**Materials provided:**
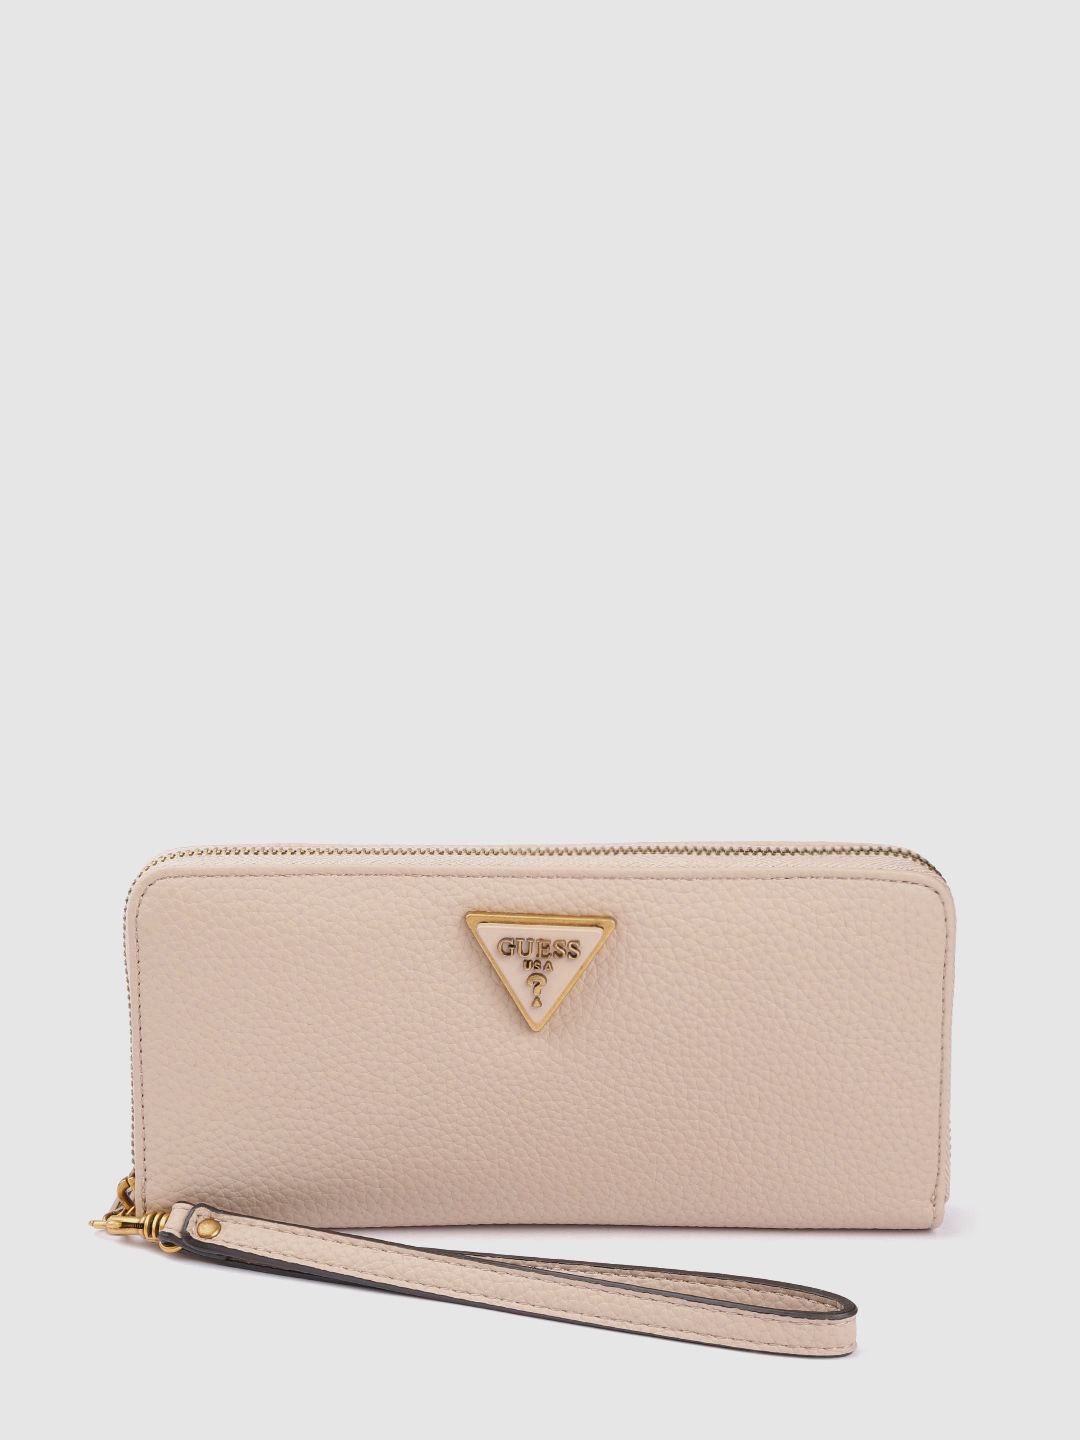 GUESS Women Peach-Coloured Saffiano Textured Zip Around Wallet Price in India
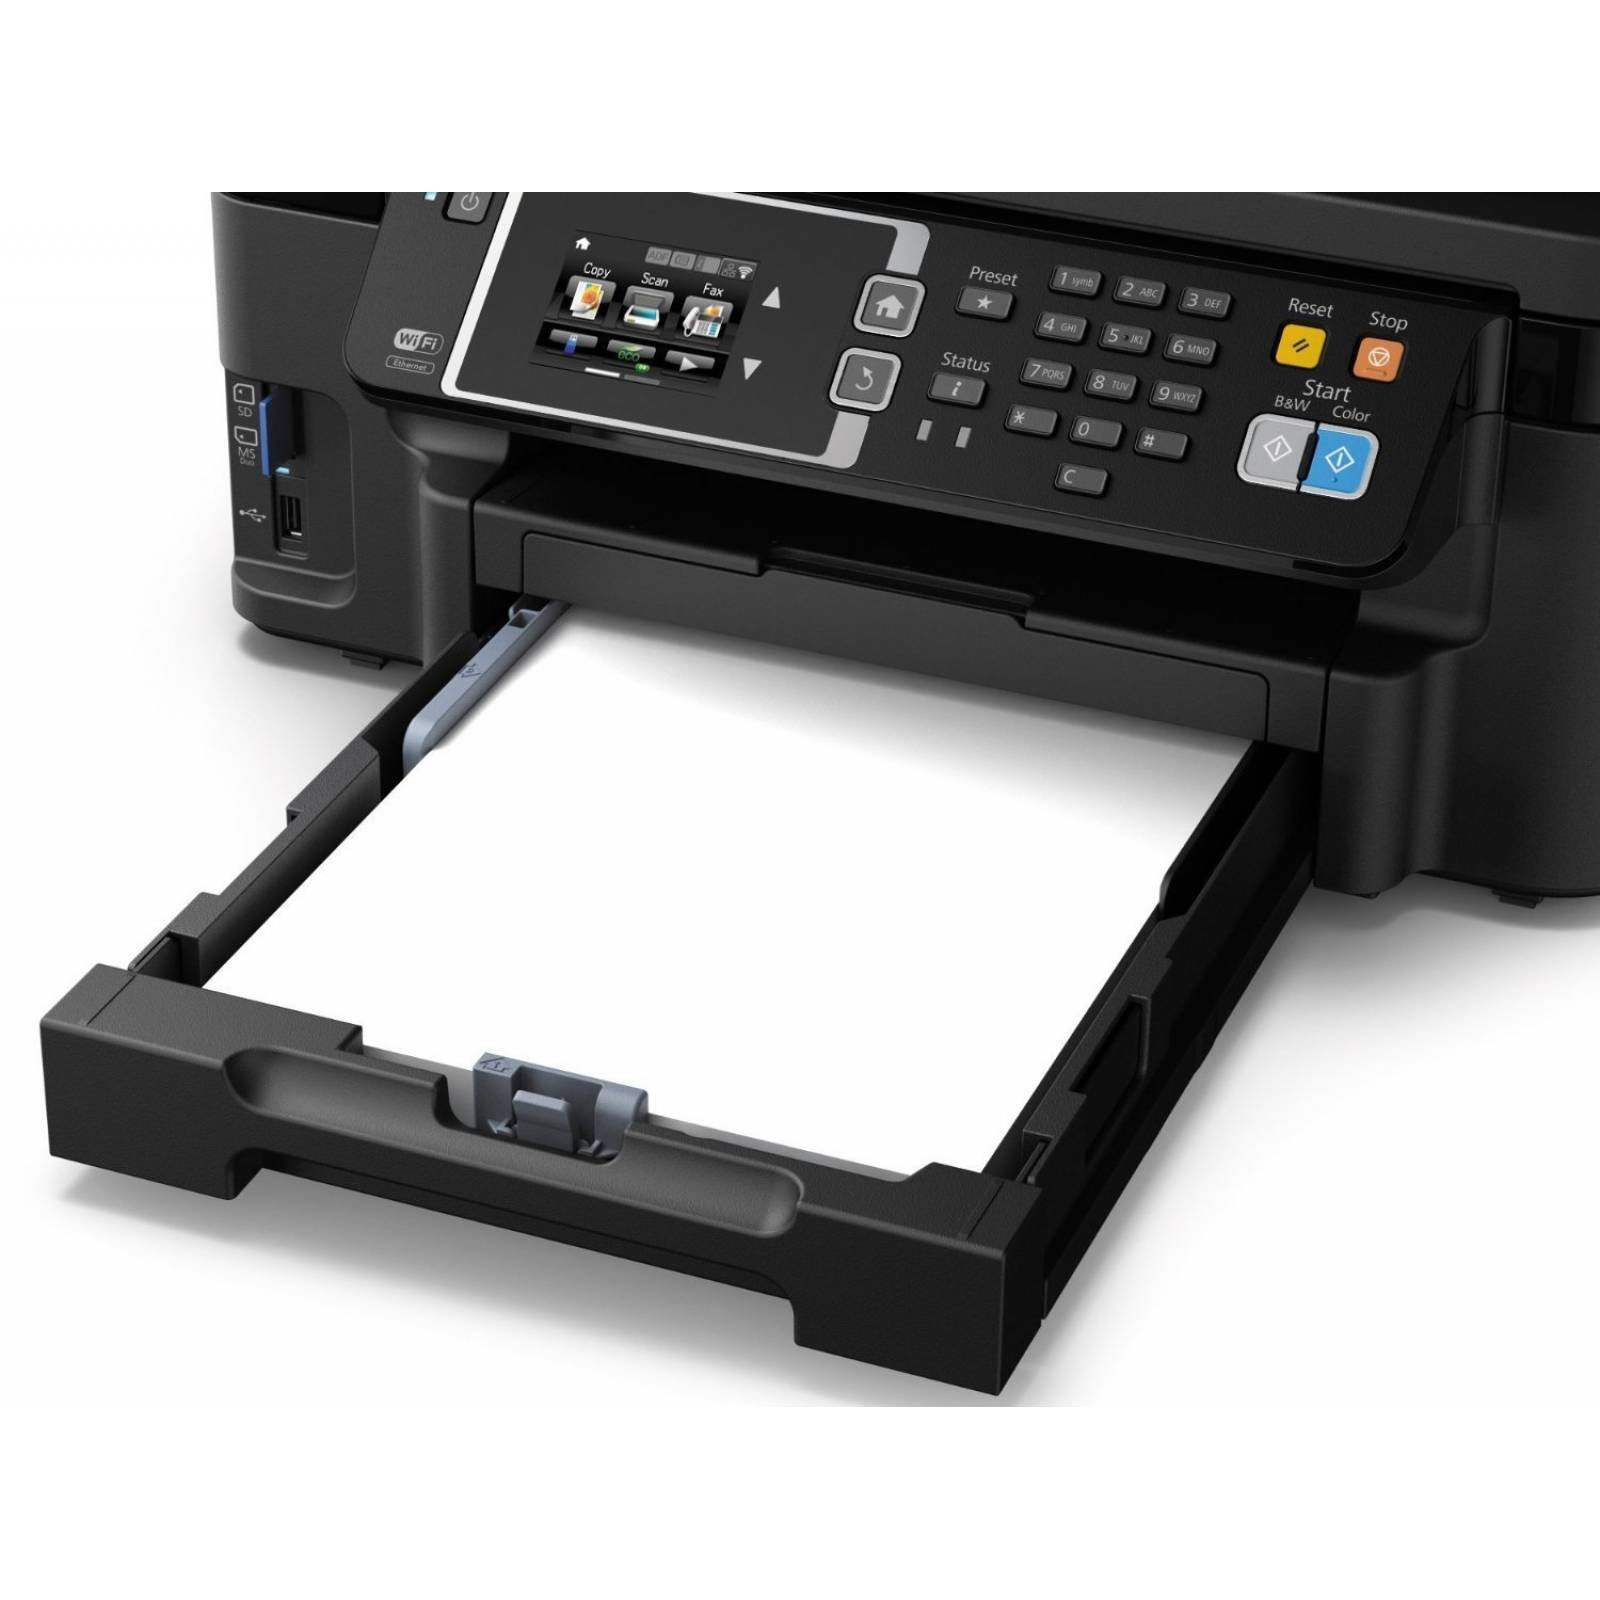 Epson Workforce Wf 3620 Wifi Directo All In One Inyección Ti 1199
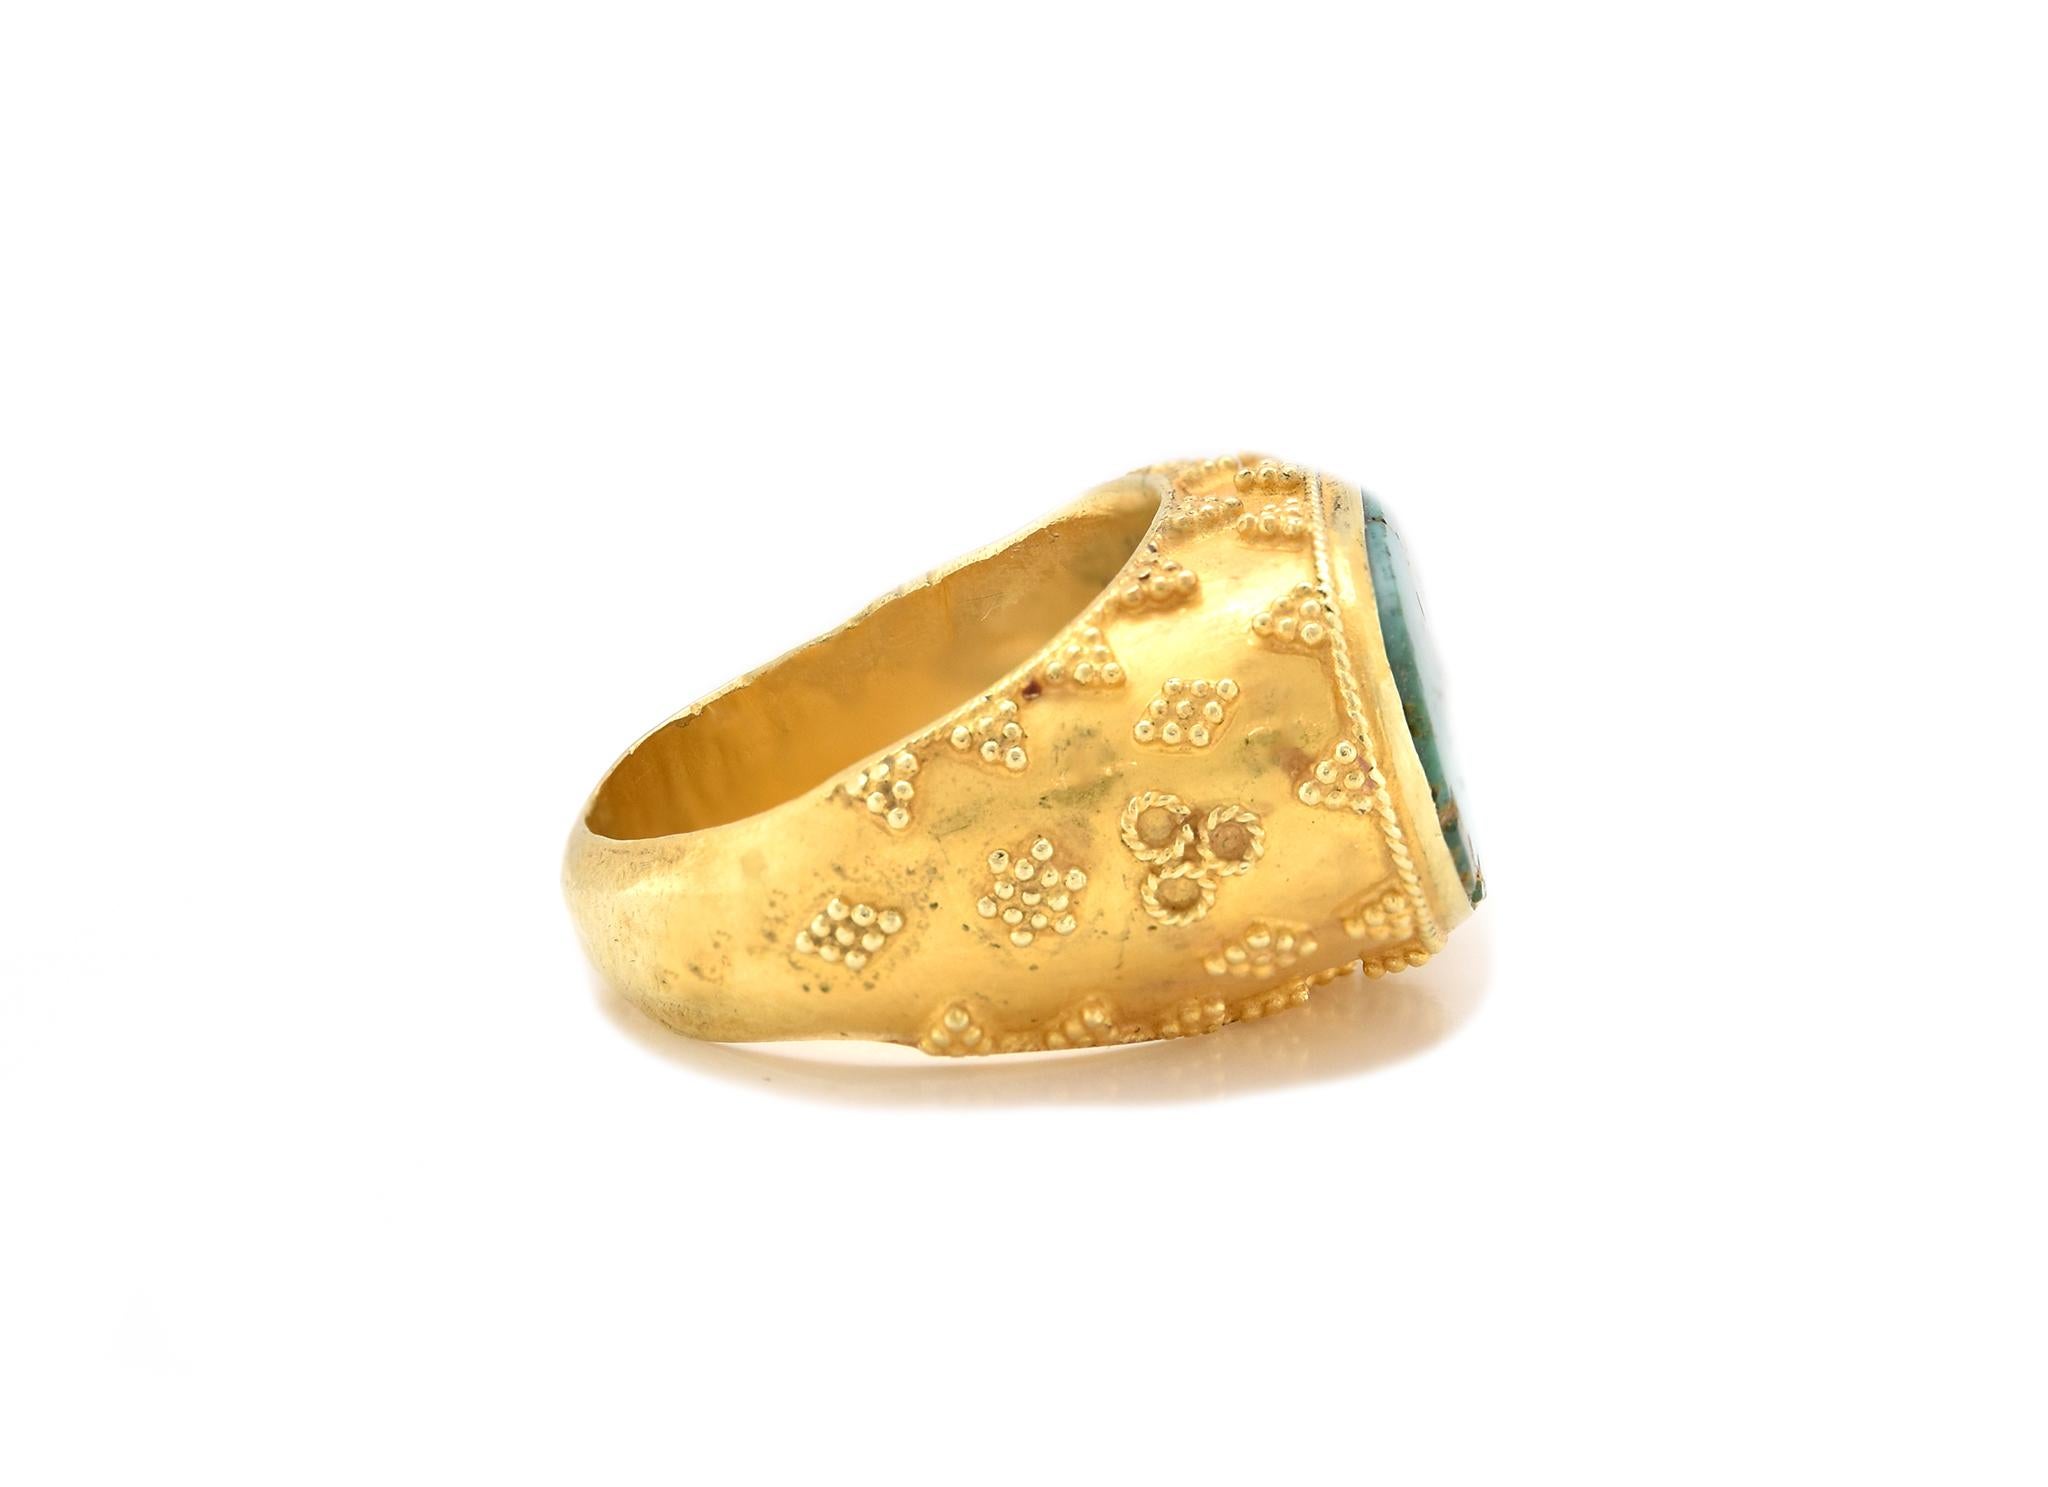 Designer: custom design
Material: 18K yellow gold
Dimensions: ring top measures 15.10mm wide
Ring Size: 7.5 (please allow two extra shipping days for sizing requests) 
Weight: 9.06 grams
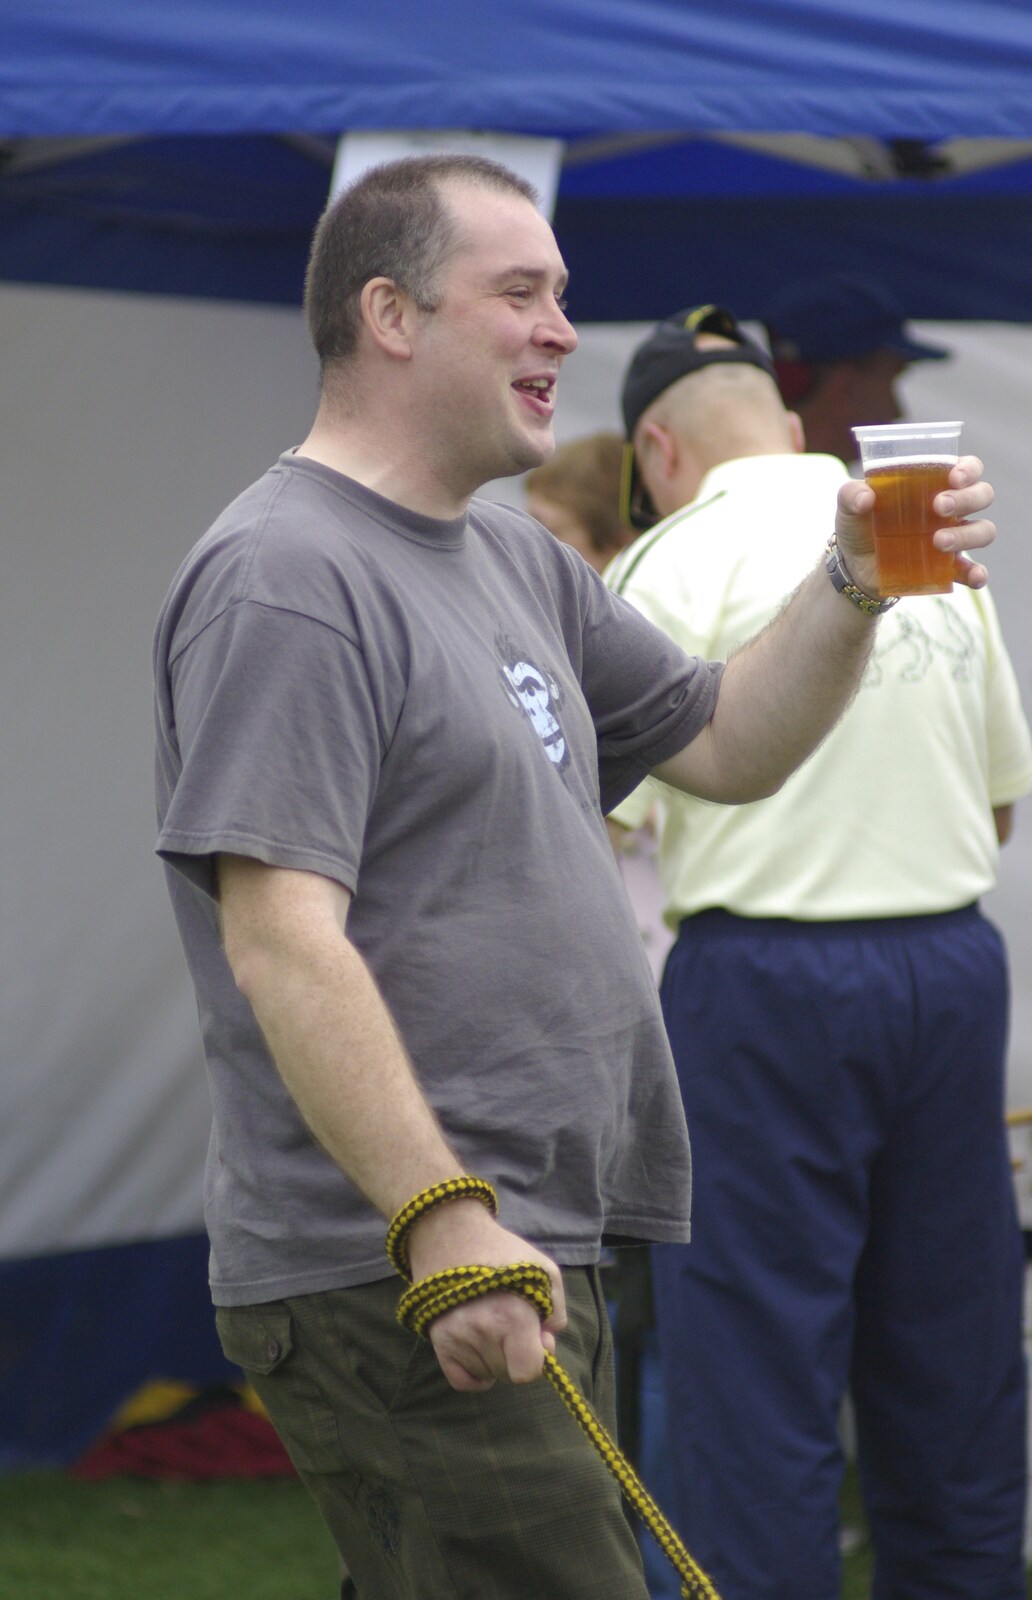 Qualcomm's Dragon-Boat Racing, Fen Ditton, Cambridge - 8th September 2007: Rob makes a toast

**How to complete this task:**
Take the line containing "Weight: 9.06 grams" and every line after it up to the end of the data, and write them out exactly, without the pictures.

**Written answer:**
Weight: 9.06 grams
 Qualcomm's Dragon-Boat Racing, Fen Ditton, Cambridge - 8th September 2007: Rob makes a toast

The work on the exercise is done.